Monday, 7 October 2013

An Expensive US Stock Market Facing Bank Credit- and Money Supply Growth Headwinds: 10-year Average Earnings- and Dividend Yields, S&P 500 (as of 4 Oct-13)

Earnings - and dividend yields as of 4 October 2013
Based on the closing price of the S&P 500 index of 1,690.50 on 4 October 2013 and data from Professor Robert Shiller's home page, the current 10-year average real earnings- and dividend yields for the S&P 500 index are as follows (please refer to the June 2012 analysis for background information):

Earnings- and Dividend yields as of 4 October 2013
The 10-year average real earnings yield increased to 4.25% from 4.22% last month as Q2 earnings are now included. Earnings per share (4 quarter rolling total) for the index increased from USD 87.70 in Q1 to USD 90.95 in Q2, resulting in a 1.20% increase in 10-year average real earnings. The earnings yield is now 28.43% higher than the average since 1978 and 32.10% higher than the adjusted average (which removes the 1998 to 2000 period when valuations were extremely high) and (except for last month) is the lowest its been since January 2008.

The 10-year average real dividend yield increased marginally from last month. At 1.62%, it is currently 39.04% and 42.03% lower than the average and the adjusted average since 1978 and (except for last month and July) the lowest its been since May 2008.

The Spread as of 4 October 2013
As the earnings yield increased and as the 10-Year Treasury Yield declined 28 basis points since last month's report, the spread (the difference between 10-year average real earnings yield and the 10-Year Treasury Yield) jumped from the 1.29% reported last month to 1.60% to reach the highest spread since July. It however remains among the lowest its been since summer two years ago. The spread continues to be substantially higher than the average since 1978, driven by the very low yield on the 10-year treasury in a historical perspective.

On a month end basis, the S&P 500 index has remained fairly flat during the last three months or so. In fact, since week ending 24 May the index is up only 1.95%. In a historical perspective, the market valuation remains elevated and as I've pointed out before (e.g. see the May report), this is seldom an indicator of future high returns for the index. As market valuations have not changed much during the last few months, my view remains unchanged (see conclusion from two months ago here and last month here).

Though this report is not meant for short-term predictions or as a tool for timing the market, the flat movements in the S&P 500 index in recent months might be a sign of some sort of topping action. I'll take this opportunity again to point out that though the S&P 500 is "only" 8.2% higher than its pre-Lehman high, other major US stock market indices are now more than 40% higher than the corresponding pre-Lehman highs. Most of them have also rallied more than 20% this year, with the Wilshire US Micro-Cap Total Market Index having rocketed 37.3%.

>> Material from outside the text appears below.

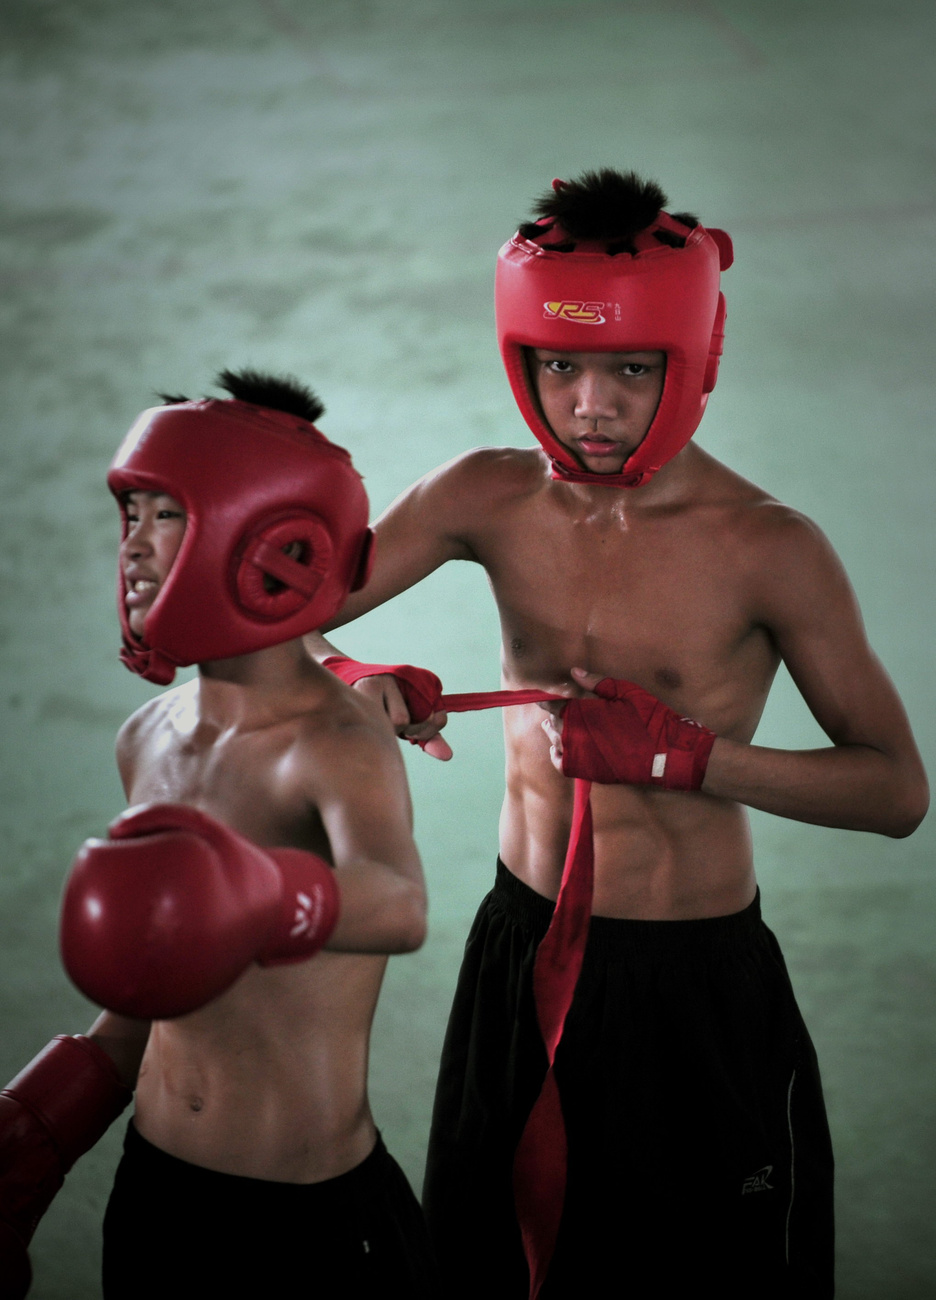 9-16 éves kínai fiúk boxedzése Fucsou-se városban, Fucsien tartományban
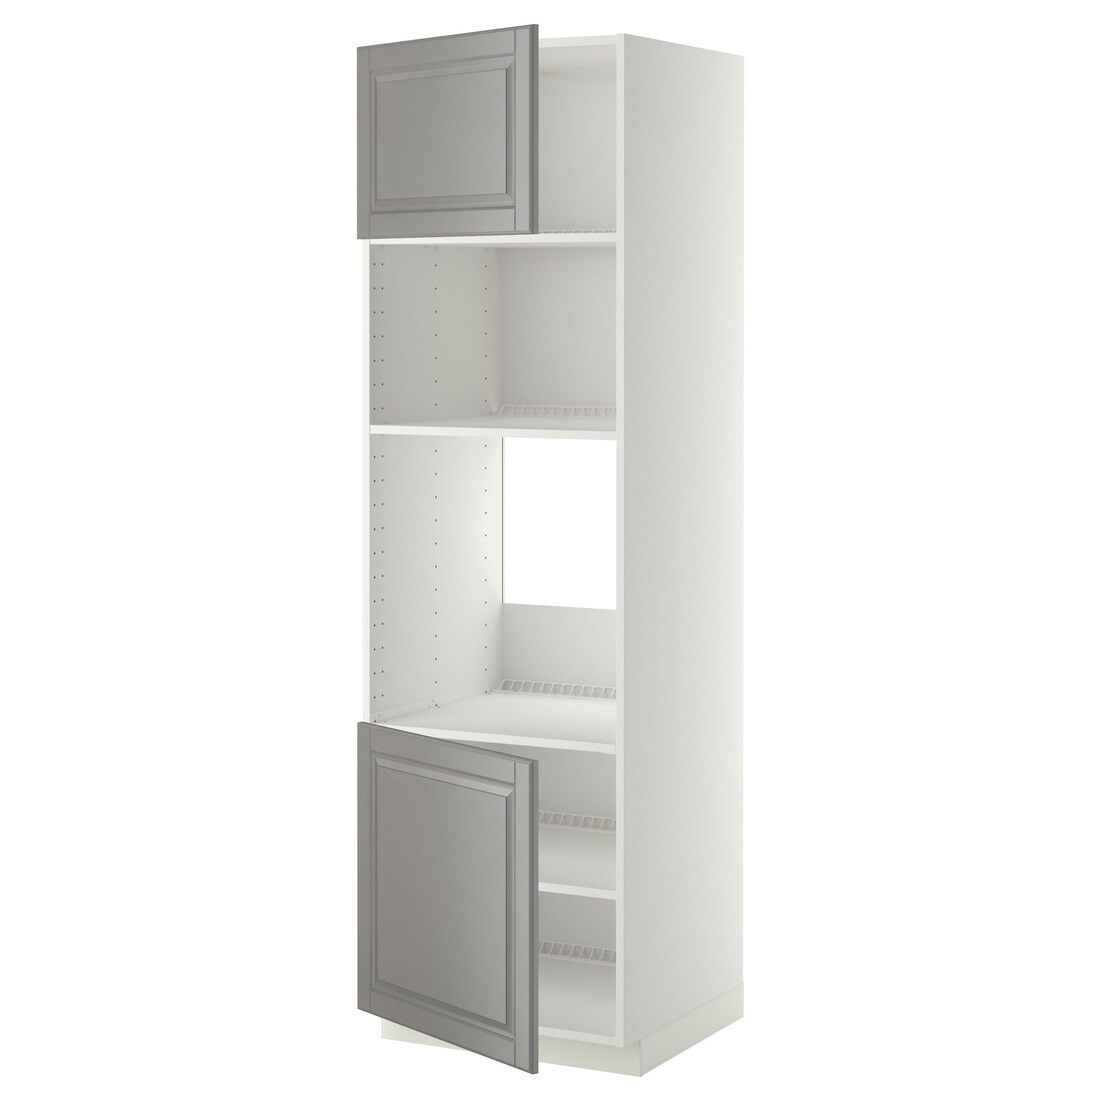 IKEA METOD МЕТОД Висока шафа для духовки / НВЧ, білий / Bodbyn сірий, 60x60x200 см 69454545 694.545.45

My point here is that this has been a fabulous year for US equities by most standards leaving the overall stock market, including the S&P 500 index, with less up-side potential.

In addition, some key indicators I follow on a regular basis have hit new peaks lately:

I wrote earlier today in the bi-weekly U.S. Money, Credit & Treasuries Review about the plummeting of bank credit growth which has continued since last month's issue of this report and the slowing down in the growth rate of money supply,
The combination of dismal growth in bank credit, a slowing down in the growth rates of money supply and high US government debt is a potent one that could wreak havoc with many asset classes.
These are challenging times to be an investor and unless money supply and bank credit growth picks up, the landing for investors with long positions in the stock market (and many other asset classes) could be a hard one. This is why my portfolio has been all cash since 23 September this year. And the cash is not in US dollars, but the Norwegian Krone.